In a prior post we talked about how technology turns scarcity into abundance. And how, when it does this, a new scarcity emerges. So companies are both in the business of conquering scarcity and creating new forms of it in the process.
This week we’ll talk about a new scarcity that emerges more frequently in on a place as abundant as the internet — “positional scarcity”. This kind of scarcity isn’t objectively desirable so much as it is positionally desirable: having a nice watch or sports car or brand name college degree may have some objective utility, but the majority of its value is in the standing it grants you relative to others. Many of the world’s oldest and biggest industries, like fashion and real estate, are built entirely around positional scarcity.

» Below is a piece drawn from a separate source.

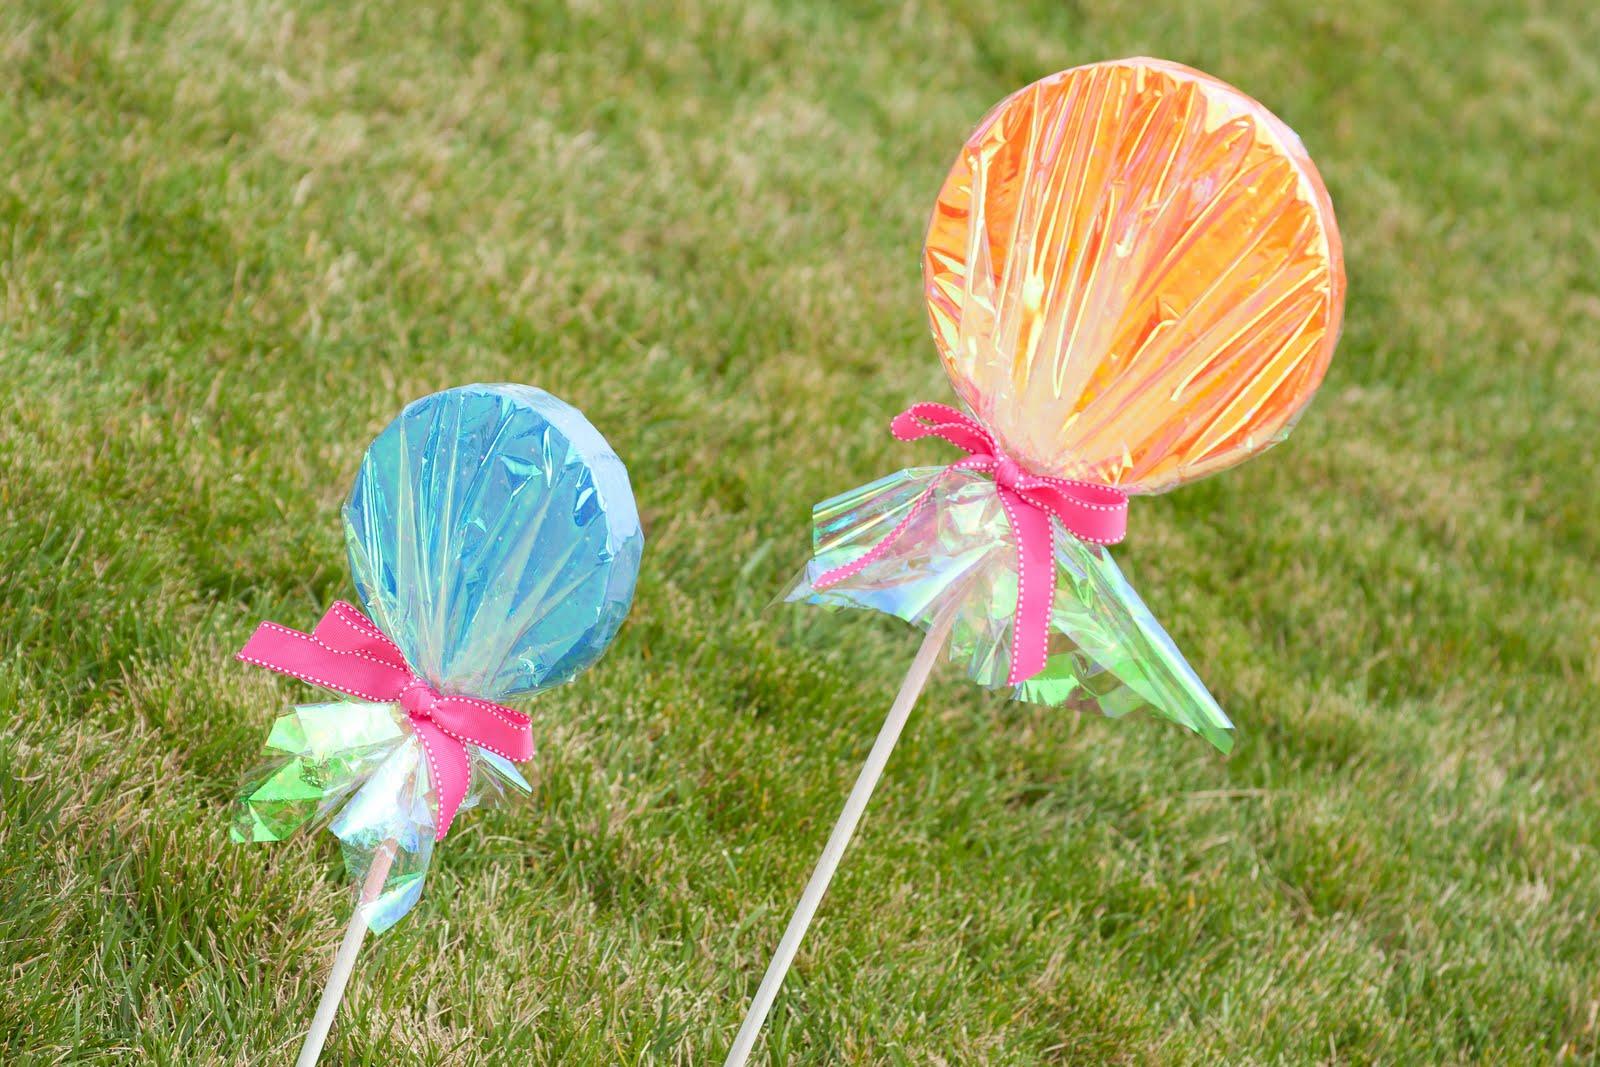 diy lollipop decorations how to make lollipop decorations glorious treats

We talked previously about how education is built on positional scarcity:
“College isn’t insurance — It’s a nightclub. If colleges were normal businesses, with the entire world clamoring to get in, they’d increase enrollment. If they’re offering a great product, more people should benefit from it. But not universities. Because it's not about learning, it's about status. Indeed: Colleges don’t gain their power from how many people benefit from it, they get their power from how many people can't benefit from it. We have a massive velvet rope with a long line of people trying to get in, and the more exclusive you make it, the more valuable it is...like a nightclub.”
Sidenote: It’s interesting to compare scarcity in education to the startup world. YC has grown its class size 25x+ in the last 10 years while elite universities have mostly kept class sizes the same. The startup ecosystem embraces more founders because their status is determined by exits; elite universities keep classes small because their status is determined by acceptance rates.
There are different kinds of positional scarcity, as Alex Danco aptly describes:
There’s curation: an abundance of people creating music creates demand for record labels, DJs, and other tastemakers to do the job of picking, “Out of all these options, which song should get heard? (e.g. Product Hunt, Gartner,)
There’s prestige: an abundance of prosperity makes it harder to preserve and distinguish high status: “Now that everyone has a car, how do I make sure that my car is the most impressive, and everyone knows it? (e.g. Porsch, Tesla)
There’s access: an abundance of people all vying for each others’ attention and patronage creates a high premium for moving to the front of that line: “How much would you pay to skip the congestion and get to where you need to go?”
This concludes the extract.